Work item: Return the listing exactly as it appears, but strip out the images.

Recorded data:
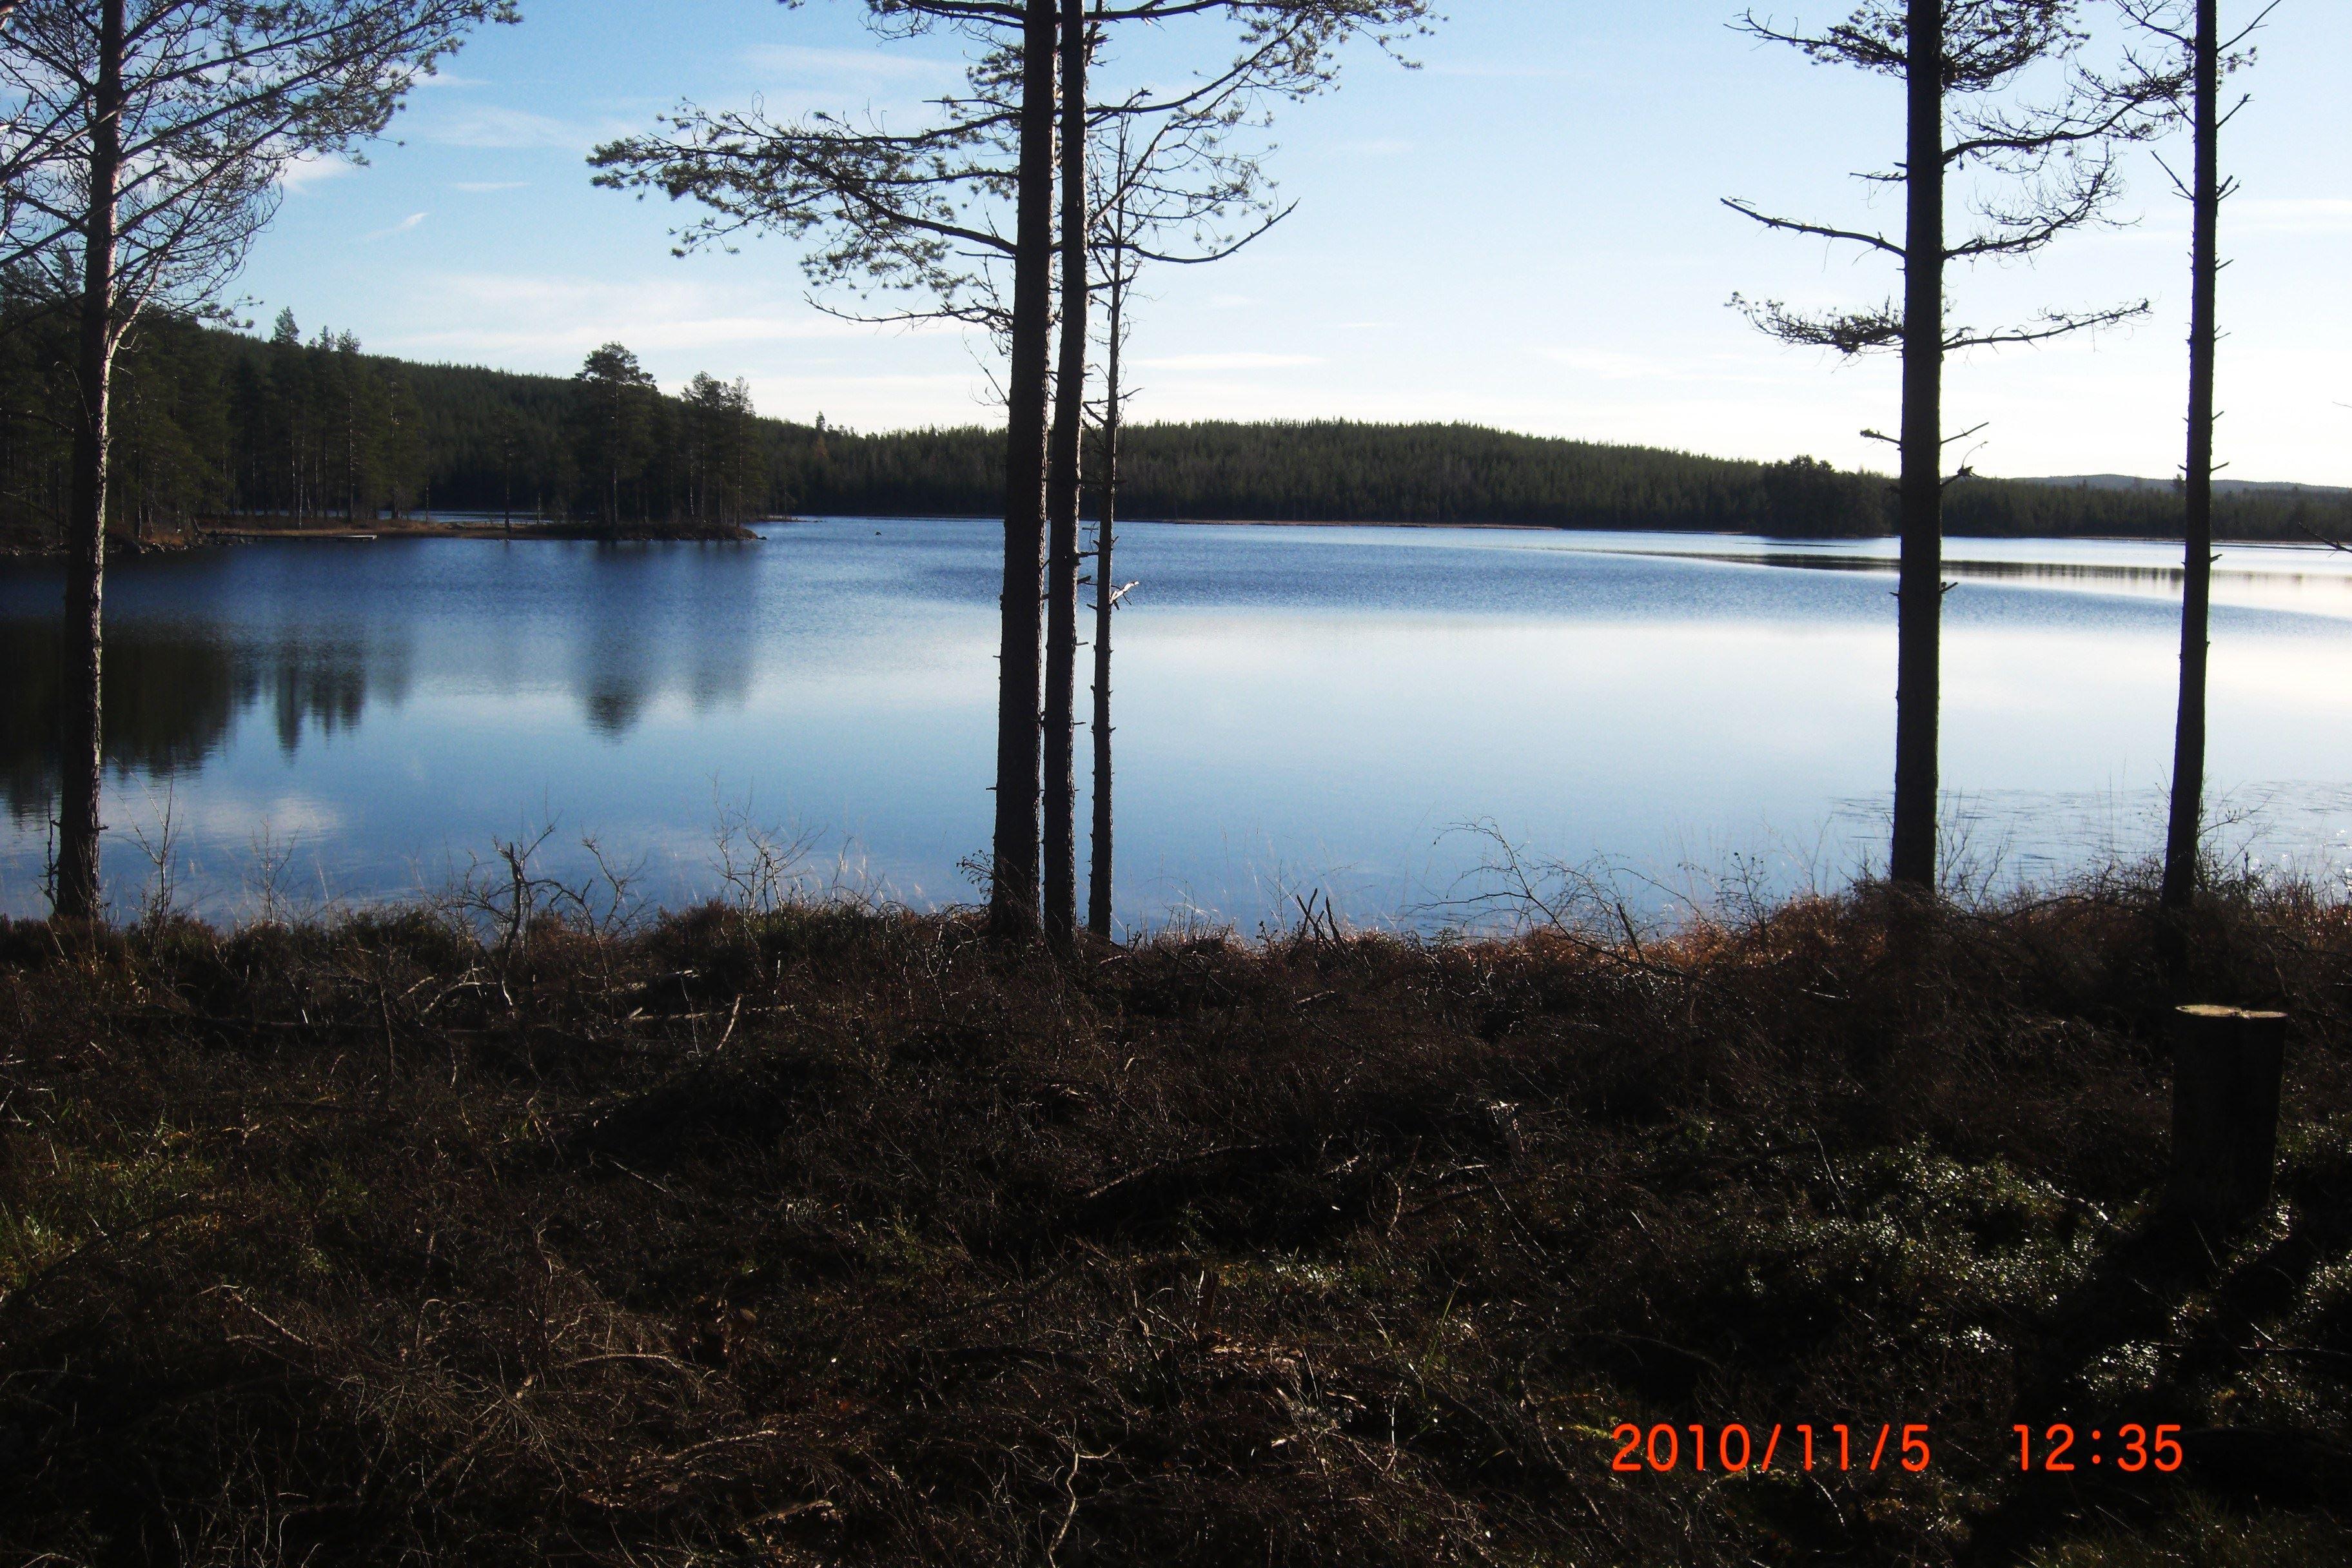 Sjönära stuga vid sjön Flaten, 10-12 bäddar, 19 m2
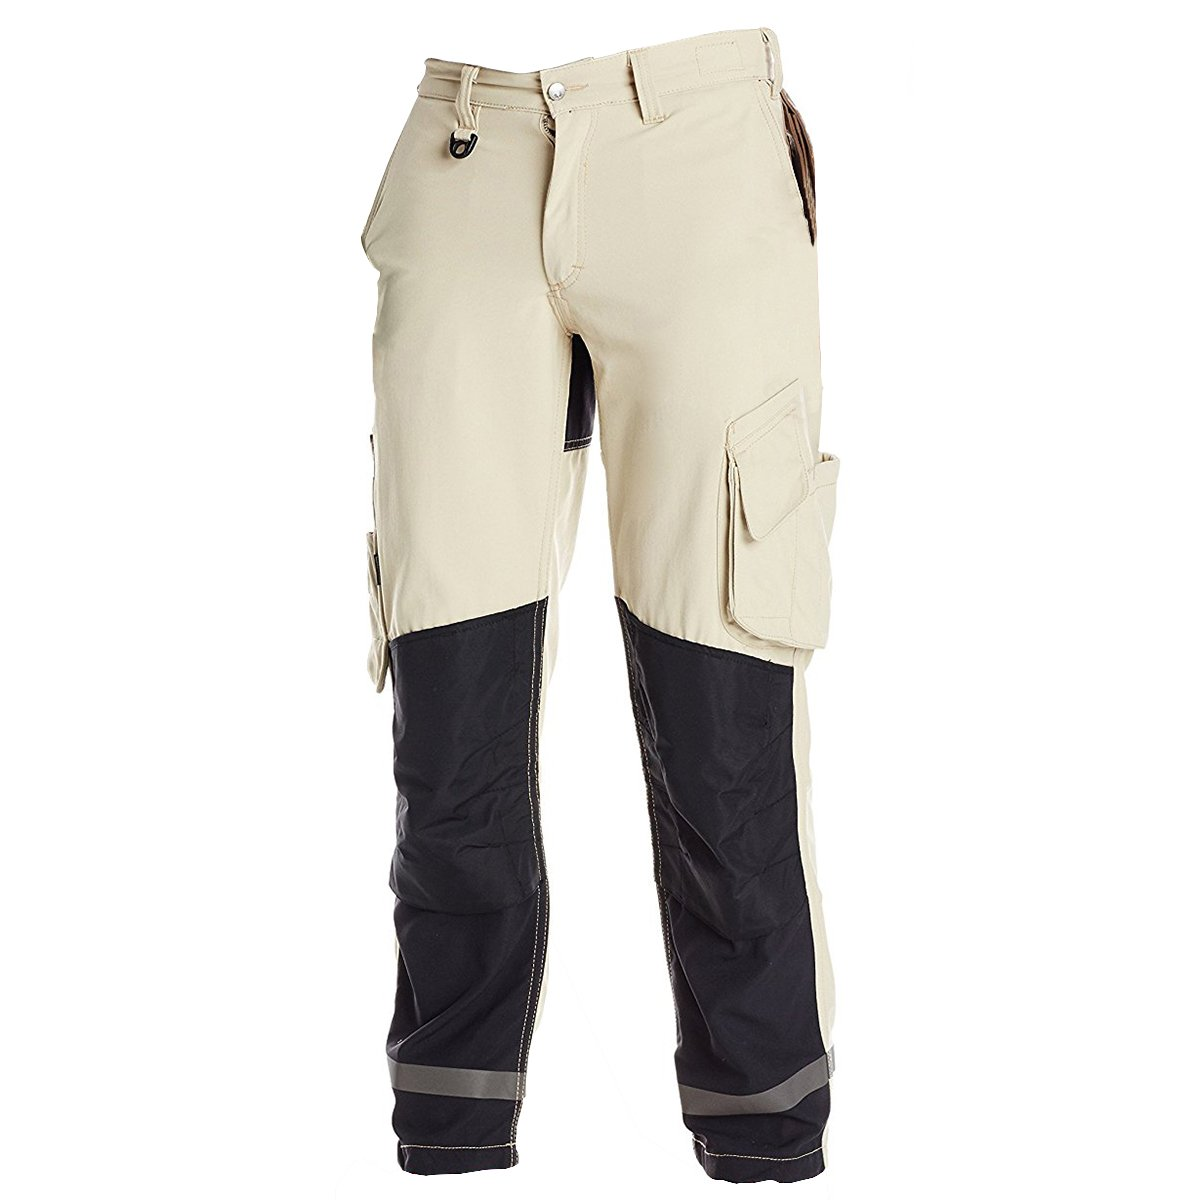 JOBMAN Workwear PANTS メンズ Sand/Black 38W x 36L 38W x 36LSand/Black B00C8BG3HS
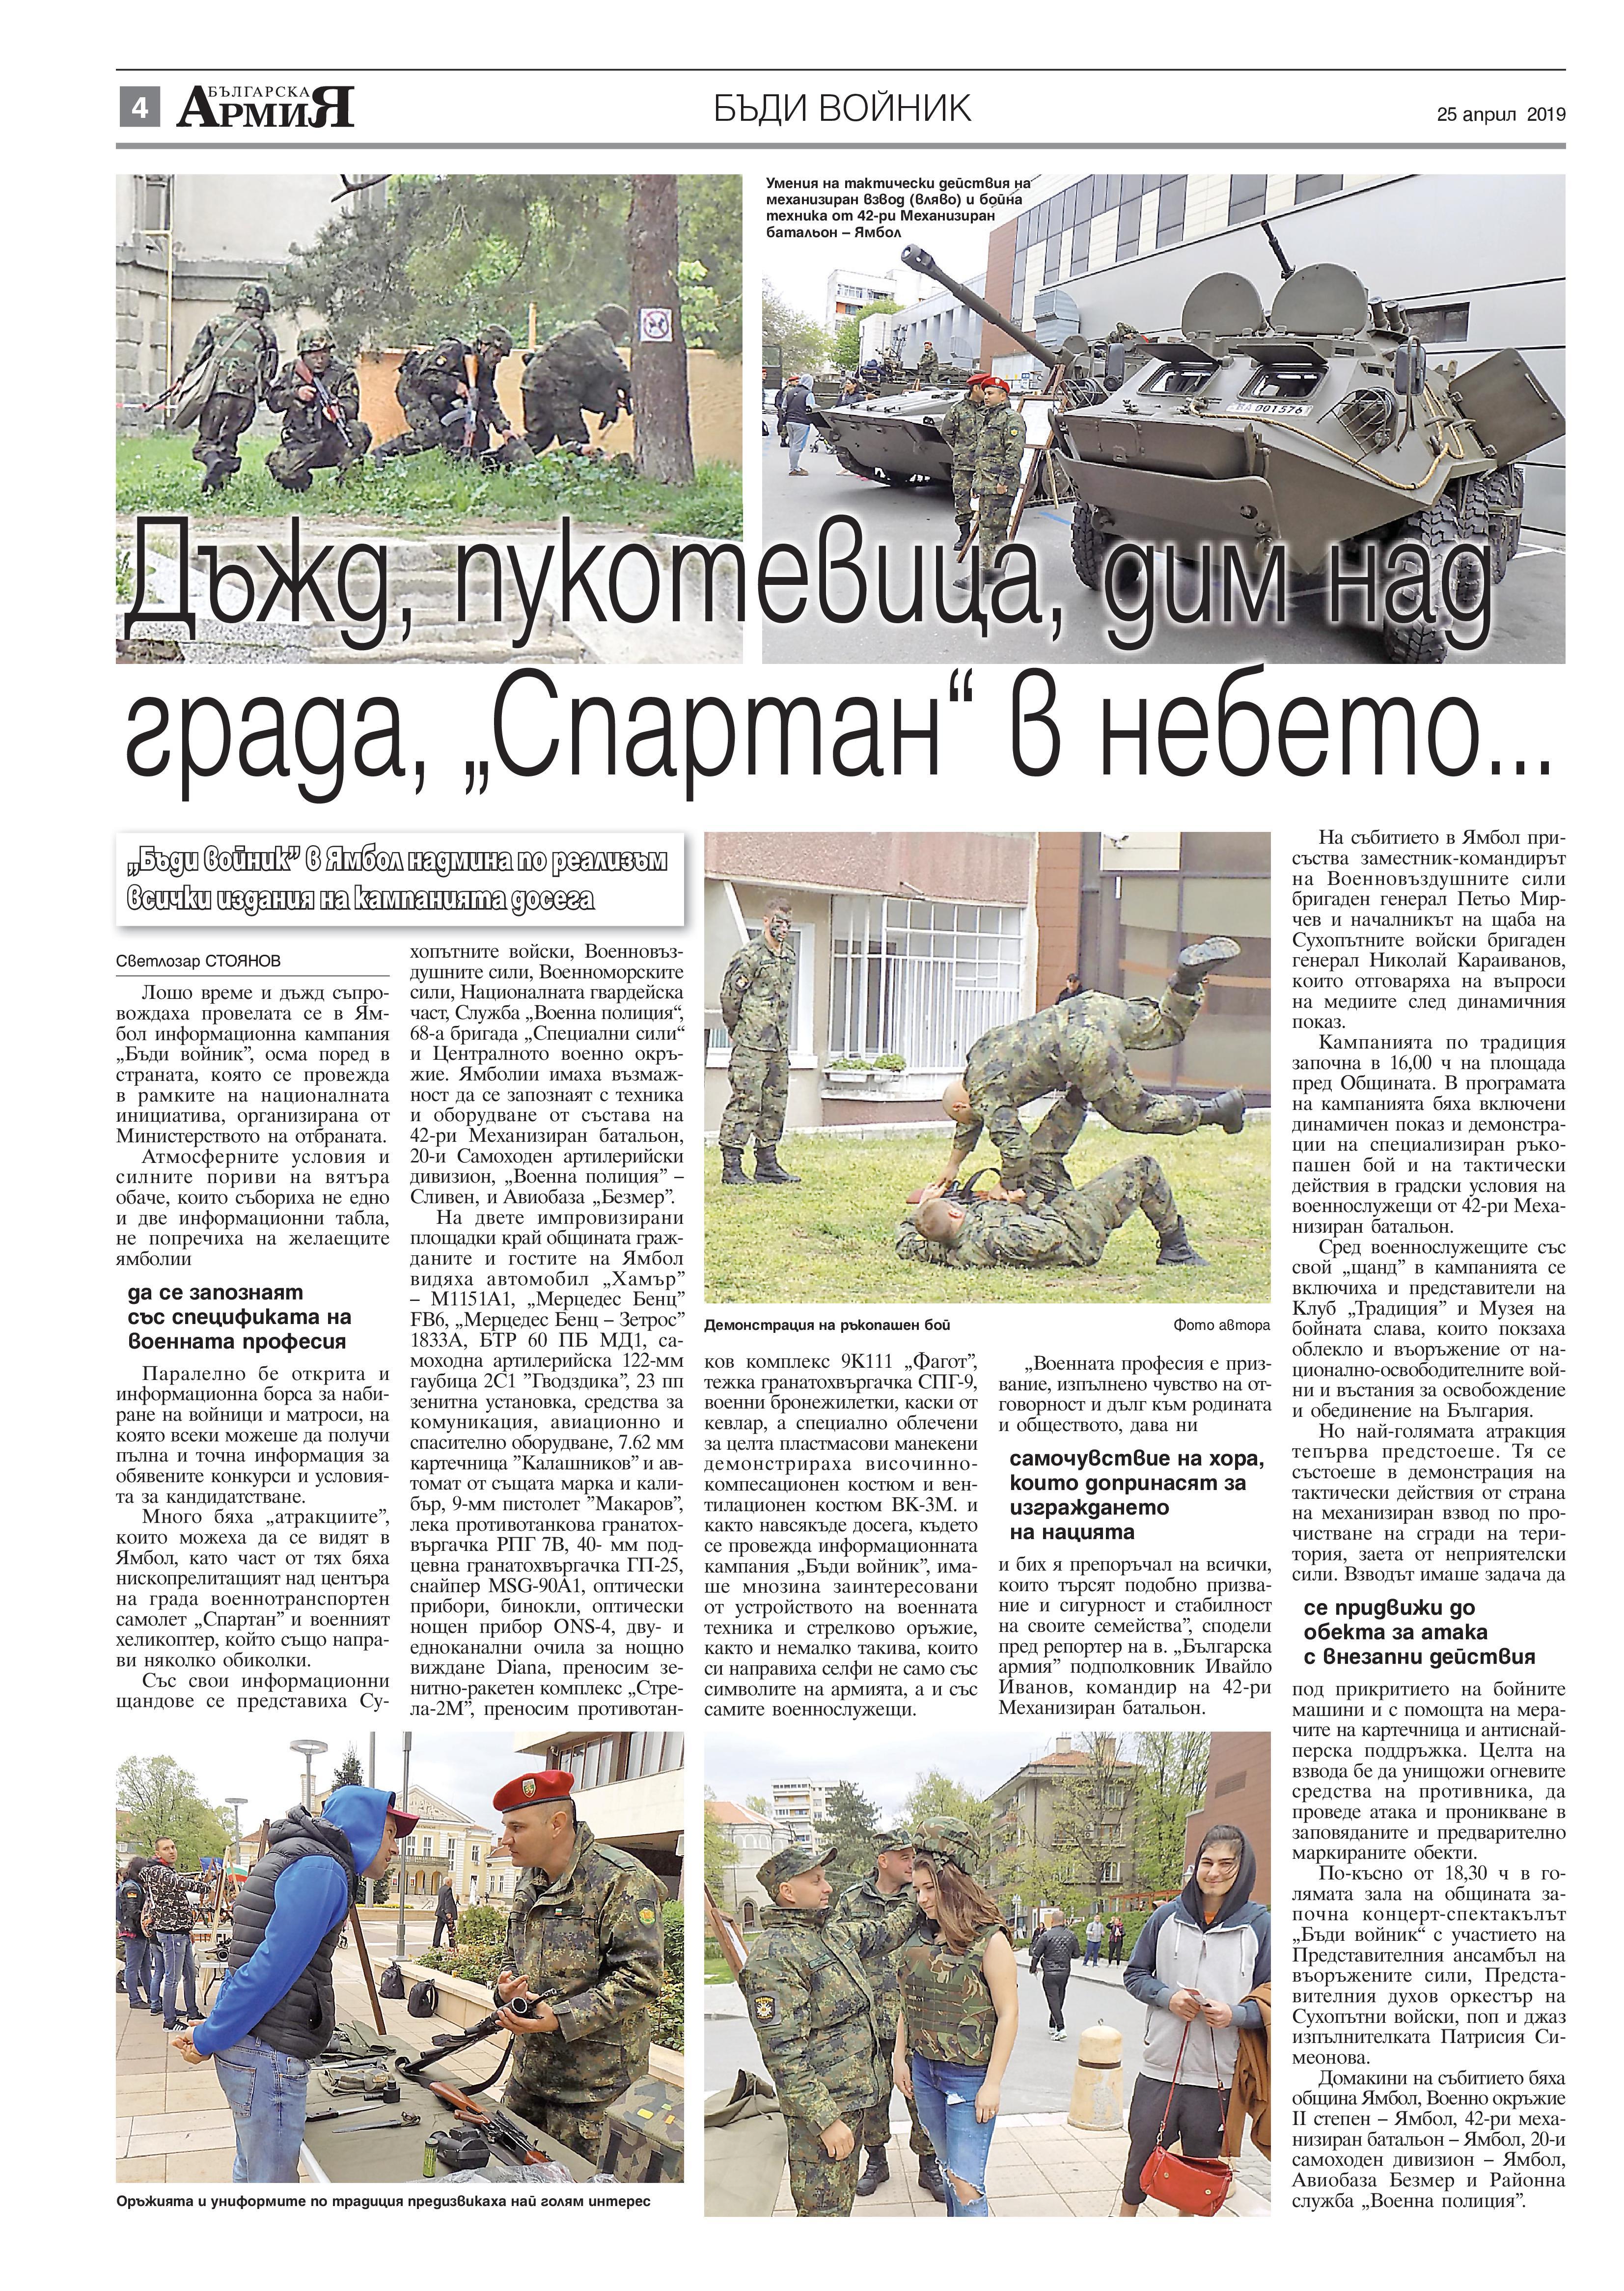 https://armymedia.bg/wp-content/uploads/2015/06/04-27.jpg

Task answer:
 Sjönära stuga vid sjön Flaten, 10-12 bäddar, 19 m2
 JOBMAN Workwear PANTS メンズ Sand/Black 38W x 36L 38W x 36LSand/Black B00C8BG3HS
 https://armymedia.bg/wp-content/uploads/2015/06/04-27.jpg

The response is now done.